Lawsuit alleges mistreatment at Border Patrol facilities in Arizona

By David Schwartz

By David Schwartz

PHOENIX (Reuters) - Civil rights groups have filed a federal lawsuit against the U.S. Border Patrol complaining immigrants were unlawfully held for extended periods in freezing, filthy holding cells in Arizona, plaintiffs' attorneys said on Wednesday.

The lawsuit, on behalf of three undocumented immigrants detained at the Tucson Border Patrol Station, says detainees are mistreated for days in what were designed to be hours-long holding cells in southern Arizona detention facilities.

The complaint filed in U.S. District Court in Tucson on Monday cited a wide range of abuse and neglect, including being held in overcrowded cells and denied adequate food, water, sleep and medical care.

“With the filing of this lawsuit, it’s no longer going to be possible for Border Patrol to continue denying and ignoring its inhumane and unconscionable mistreatment of individuals in its custody,” said James Lyall, a plaintiff’s attorney from the American Civil Liberties Union.

The complaint, which seeks class-action status, asks a judge to order the U.S. Customs and Border Protection agency to improve detention conditions.

The filing targets one of the nation’s busiest sectors in dealing with the flow of immigrants entering the country illegally from Mexico. Last year, agents made more than 87,000 arrests there.

The customs agency said in a statement that it takes seriously the welfare of those detained in its facilities, which it says are maintained in accordance with the law.

"These facilities are designed to be short term in nature and to house individuals until they can be processed, turned over to another agency or repatriated," the statement said.

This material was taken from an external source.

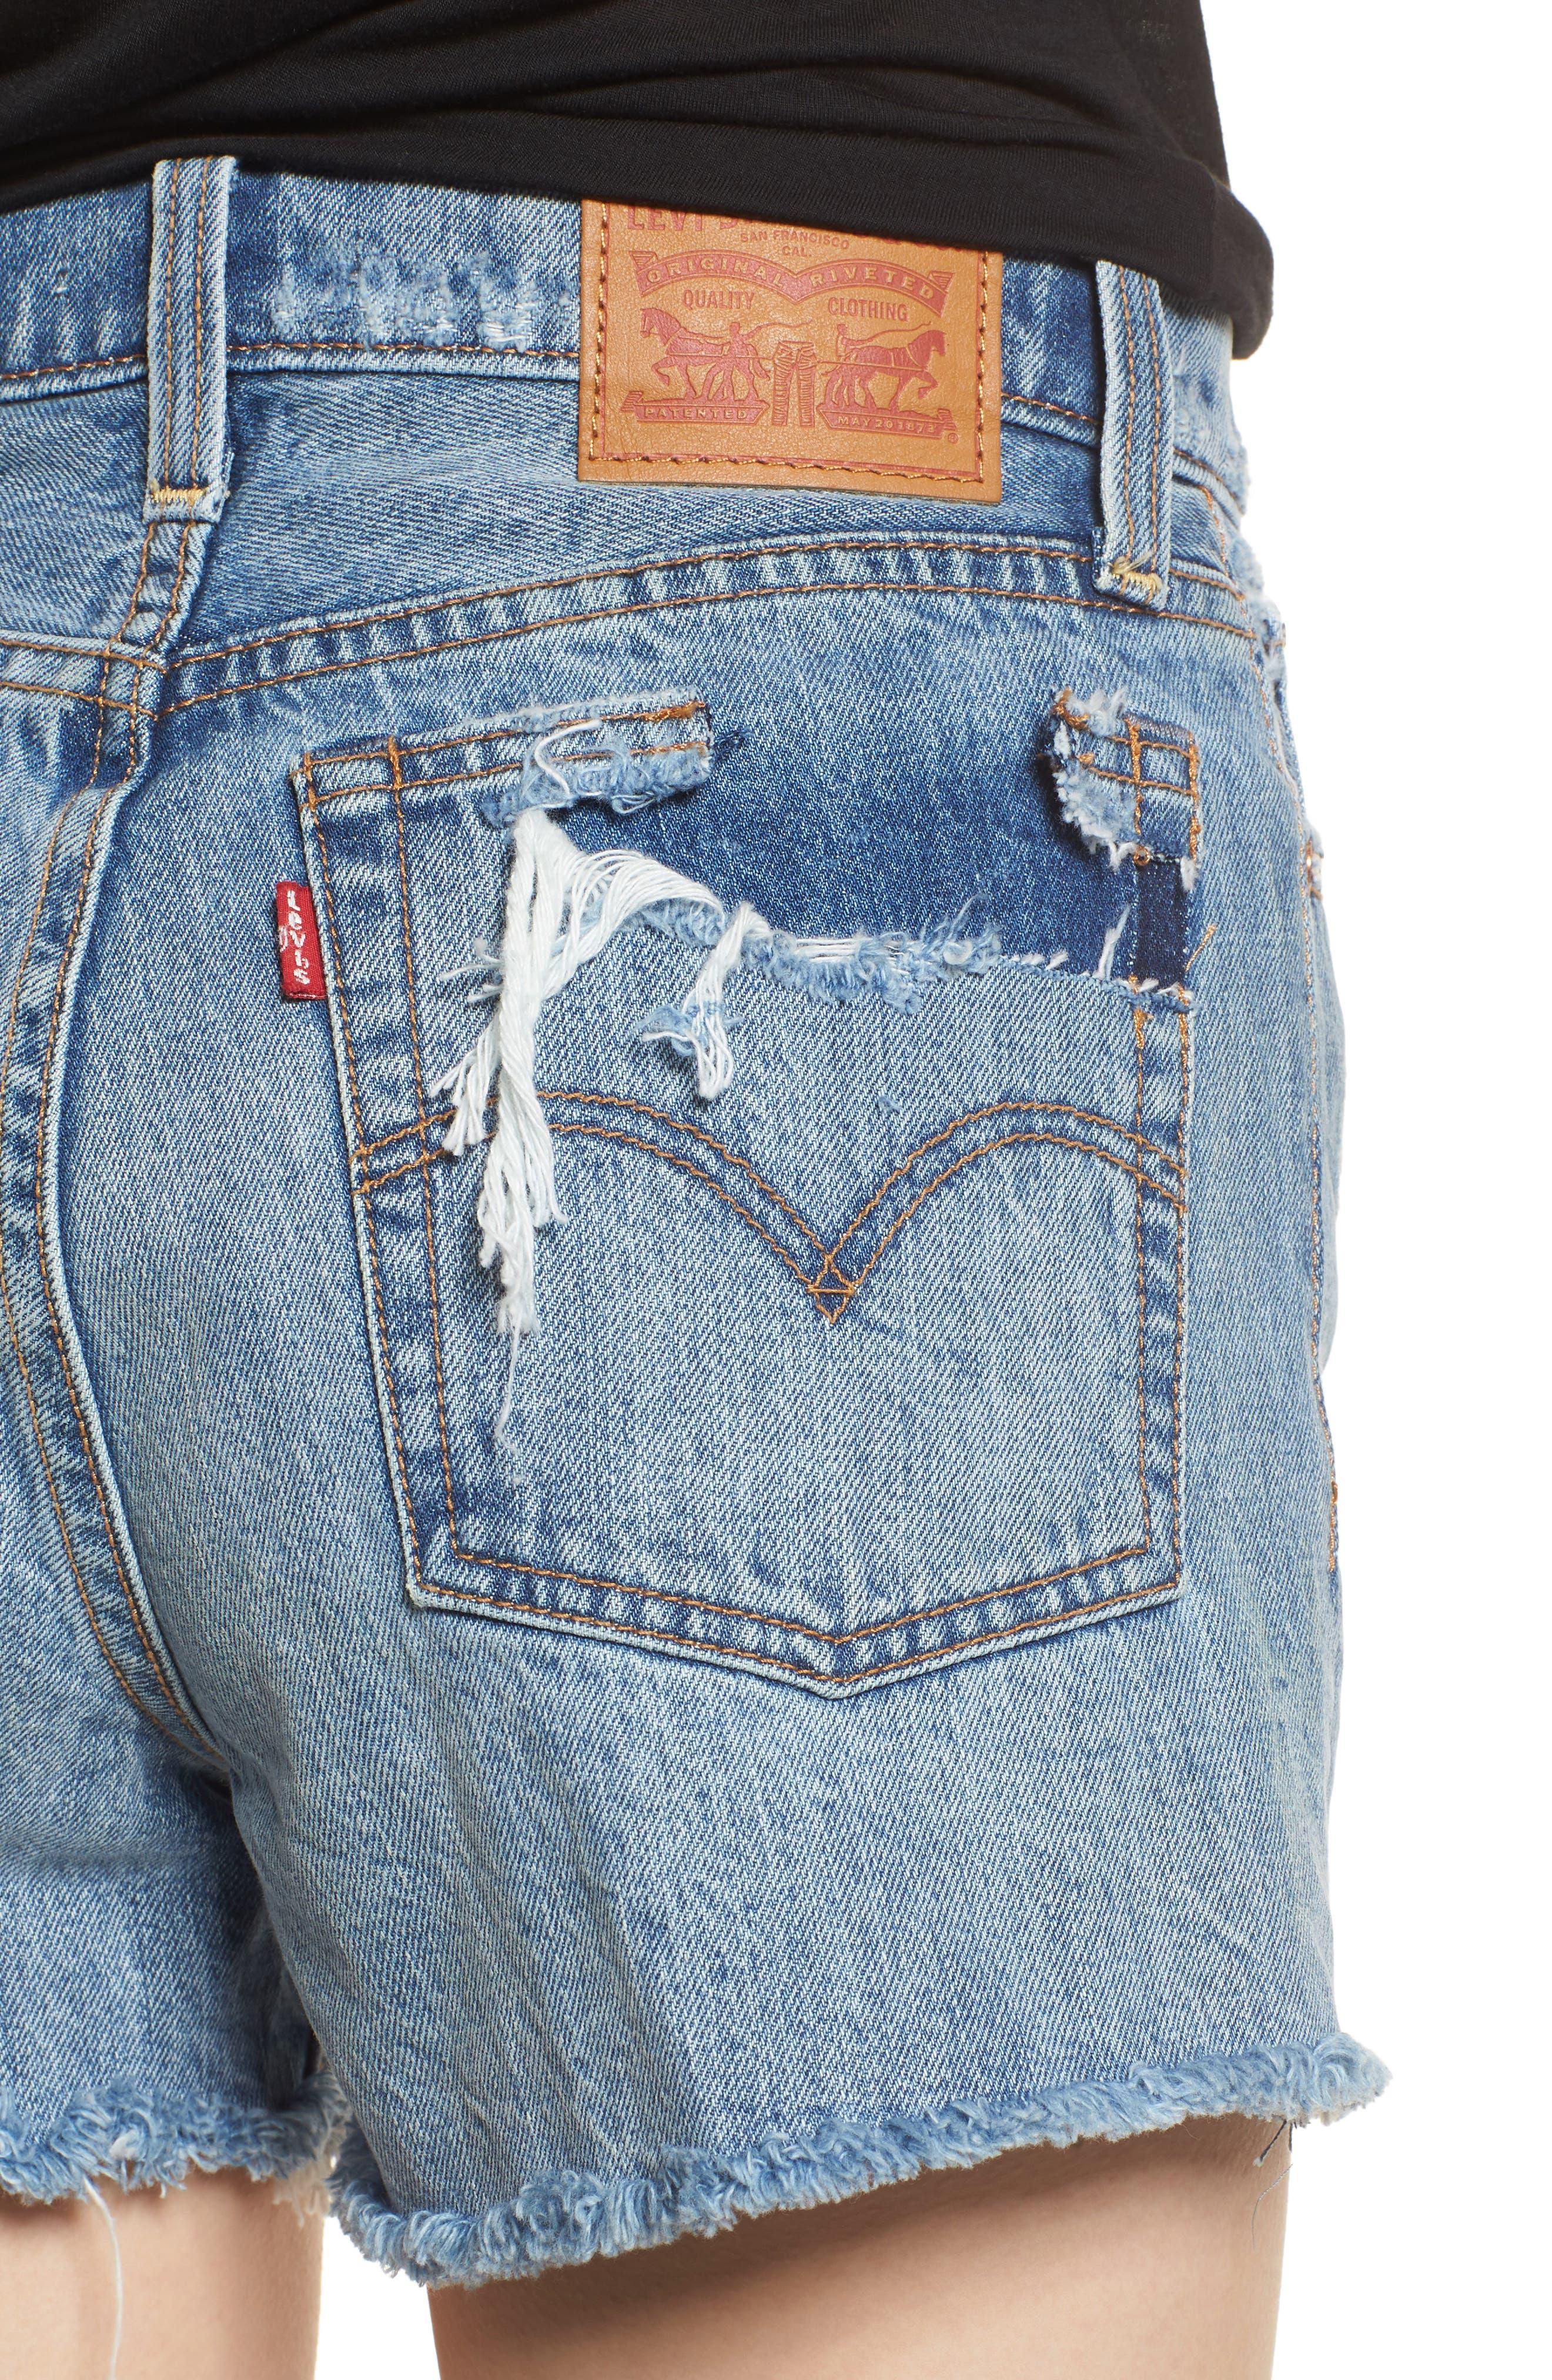 Wedgie High Waist Cutoff Denim Shorts,                             Alternate thumbnail 4, color,                             401

The lawsuit paints a grim picture of men, women and children held for extended periods as they await transfer or are released.

Through records requests, plaintiffs' lawyers determined that 80 percent of 72,000 people detained in sector detention facilities during the first six months of 2013 were held longer than a 12-hour maximum set out in agency guidelines.

The lawsuit details extreme conditions where detainees are first stripped of outer clothing and then placed into frigid cells packed with other immigrants. Lights glare day and night.

Basic hygiene and sanitary items like soap are lacking, and there is no access to showers. Beds consist of concrete benches or the floor, the lawsuit says.

“From the moment people are apprehended they are treated in a way that can only be described as subhuman,” said Nora Preciado, a plaintiff’s attorney with the National Immigration Law Center.